# WHAT IS NEEDED
In the listing below, find the line with "O Livro de Imagem" and copy every line from there up to and including the line with "Julieth Restrepo y", exactly and without pictures.
:: EXERCISE DATA ::
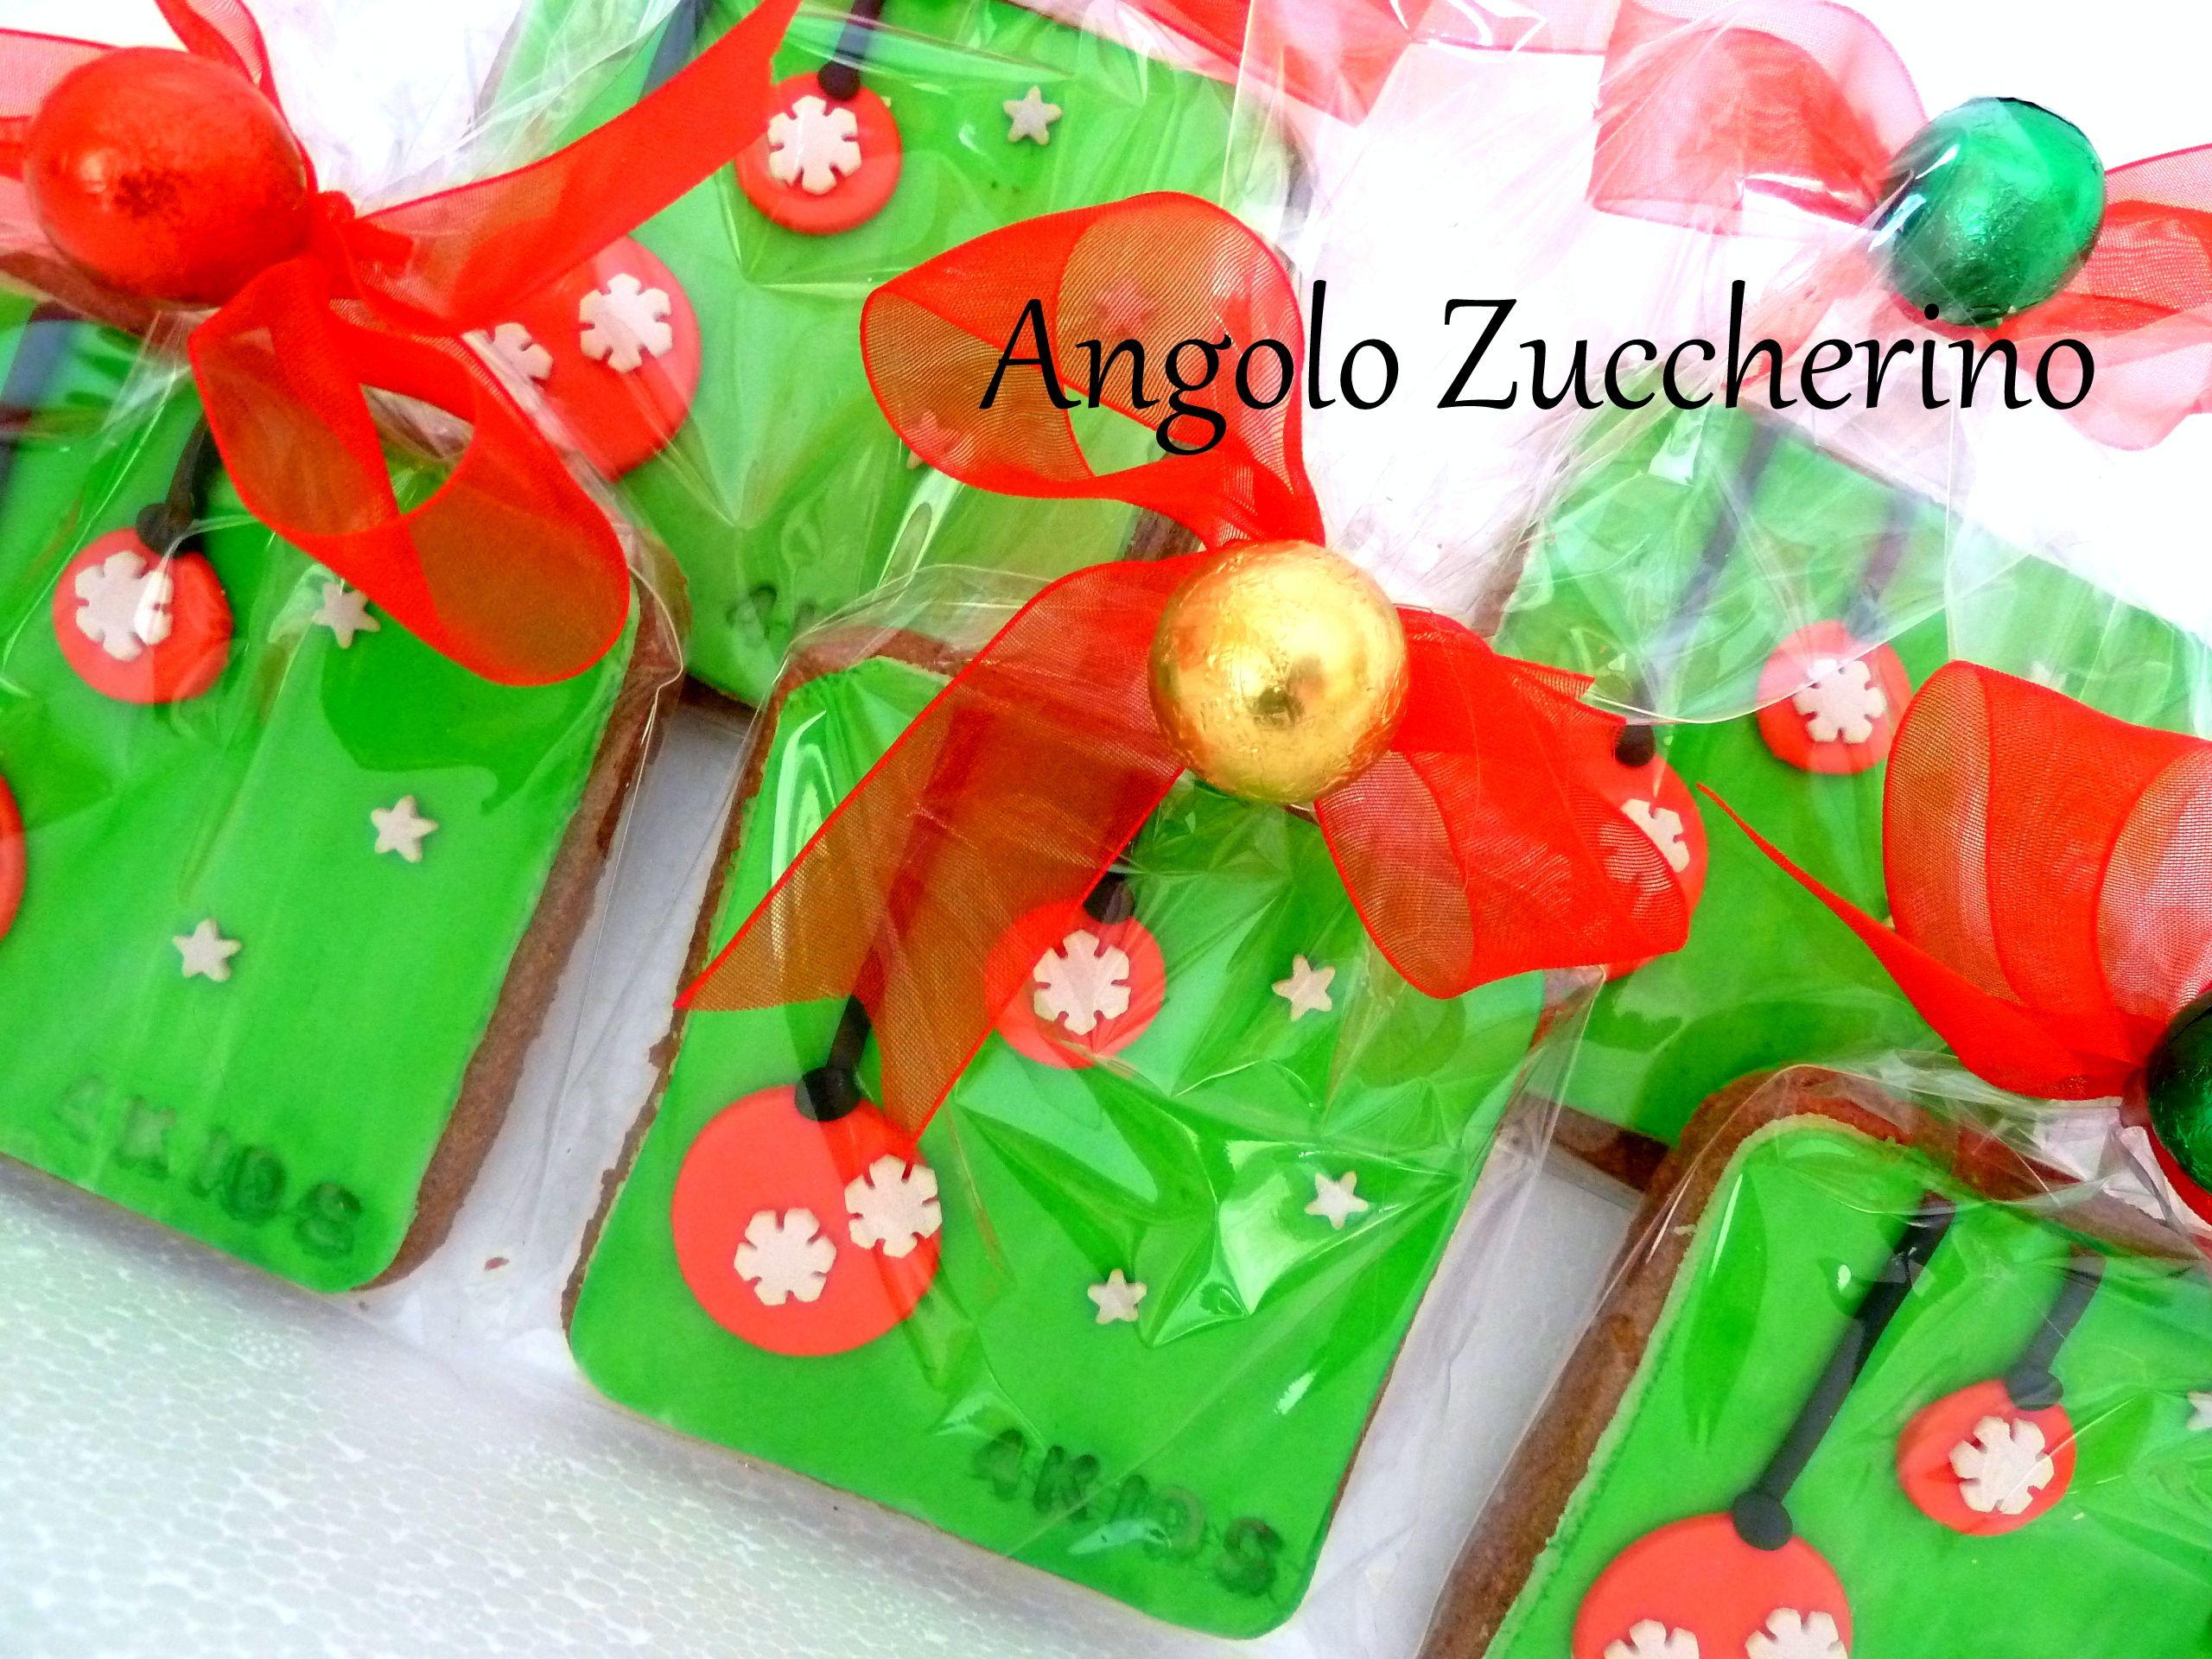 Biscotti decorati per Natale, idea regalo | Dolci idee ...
:::
:: EXERCISE DATA ::
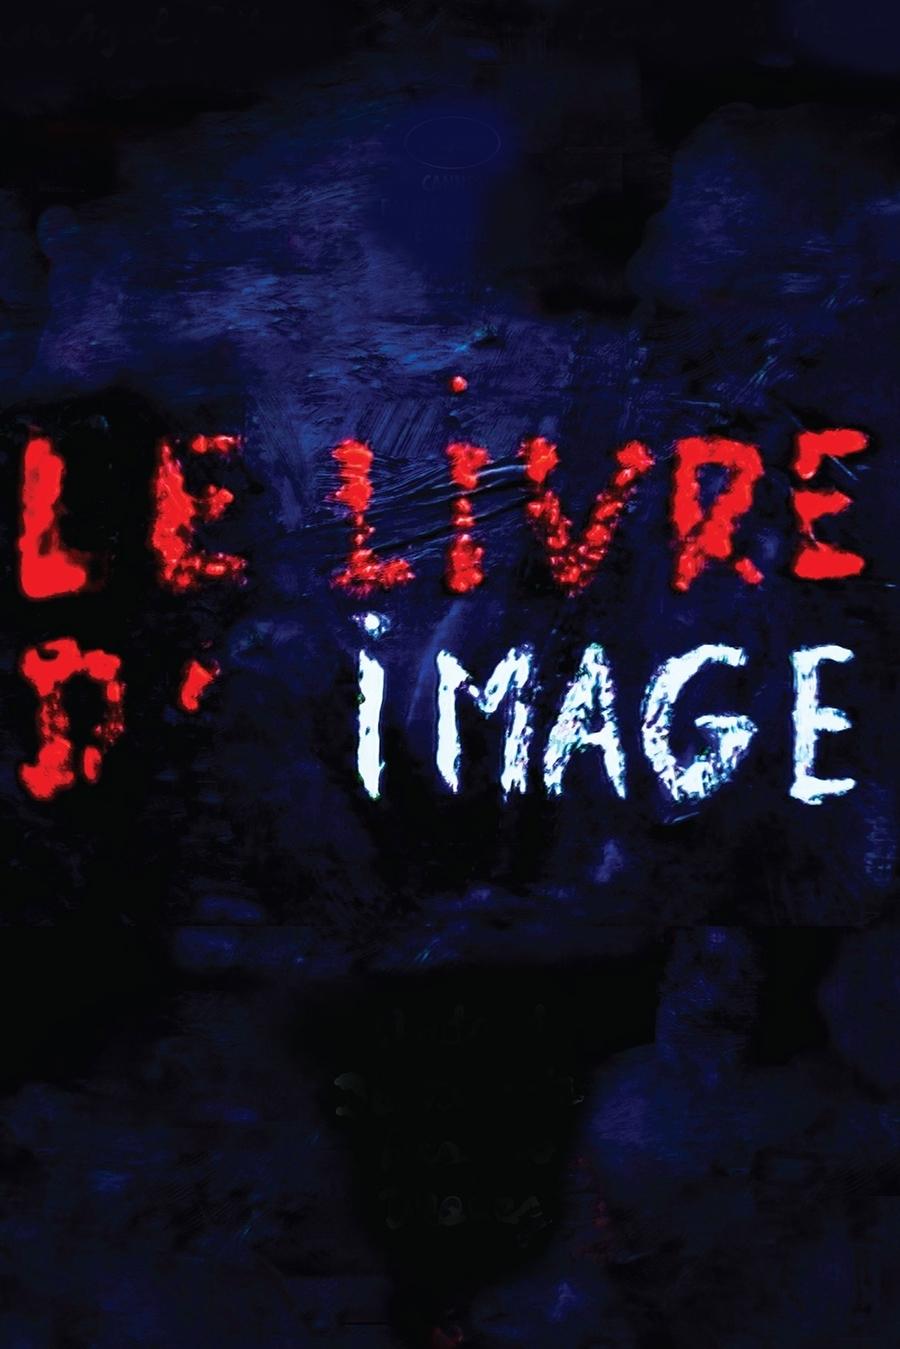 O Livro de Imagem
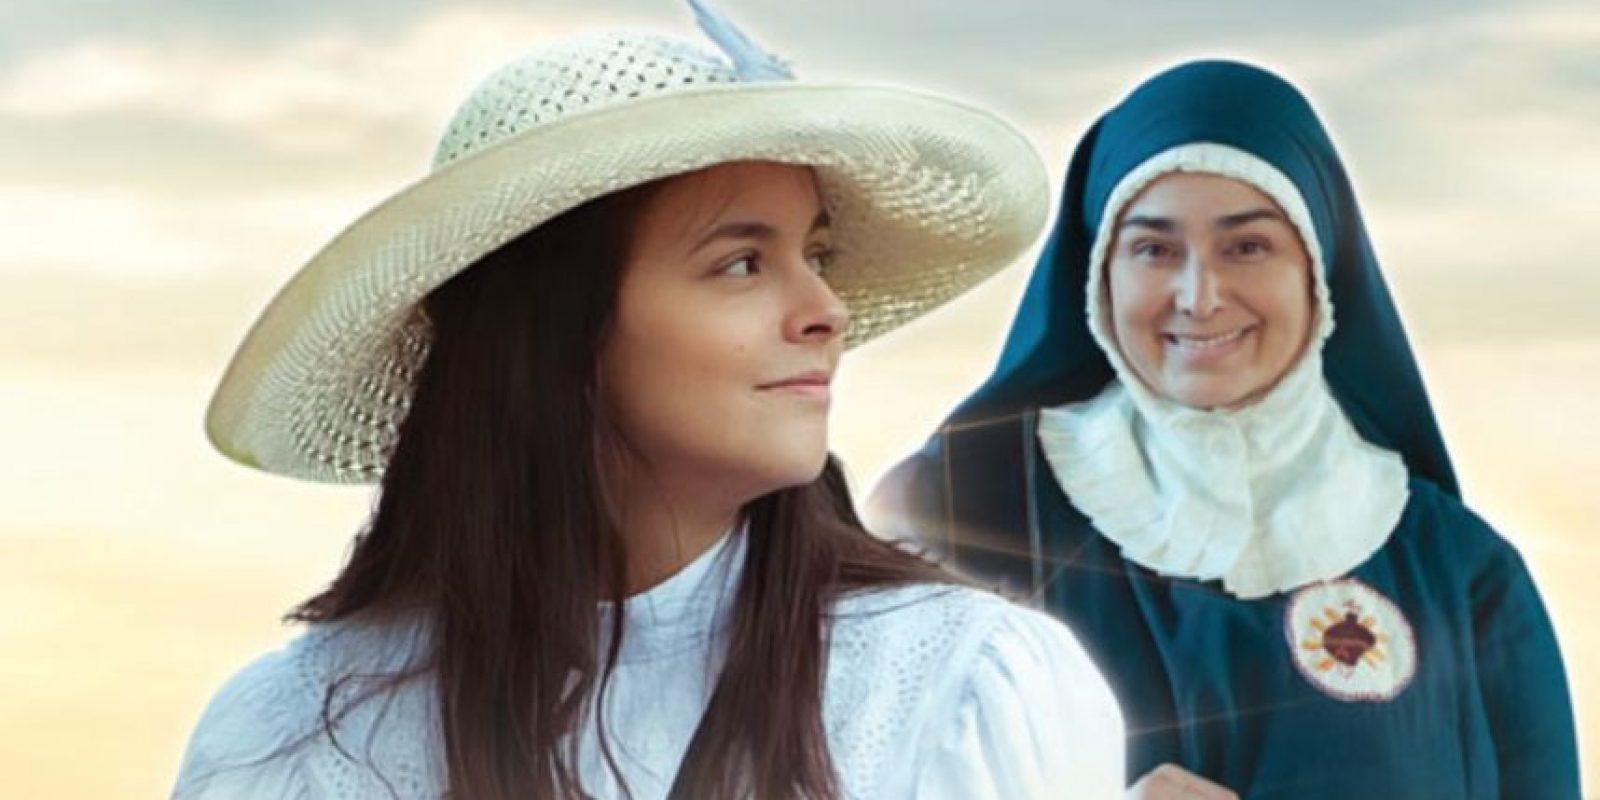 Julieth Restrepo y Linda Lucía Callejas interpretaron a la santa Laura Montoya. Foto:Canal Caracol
:::
# ANSWER AREA
 O Livro de Imagem
 Julieth Restrepo y Linda Lucía Callejas interpretaron a la santa Laura Montoya. Foto:Canal Caracol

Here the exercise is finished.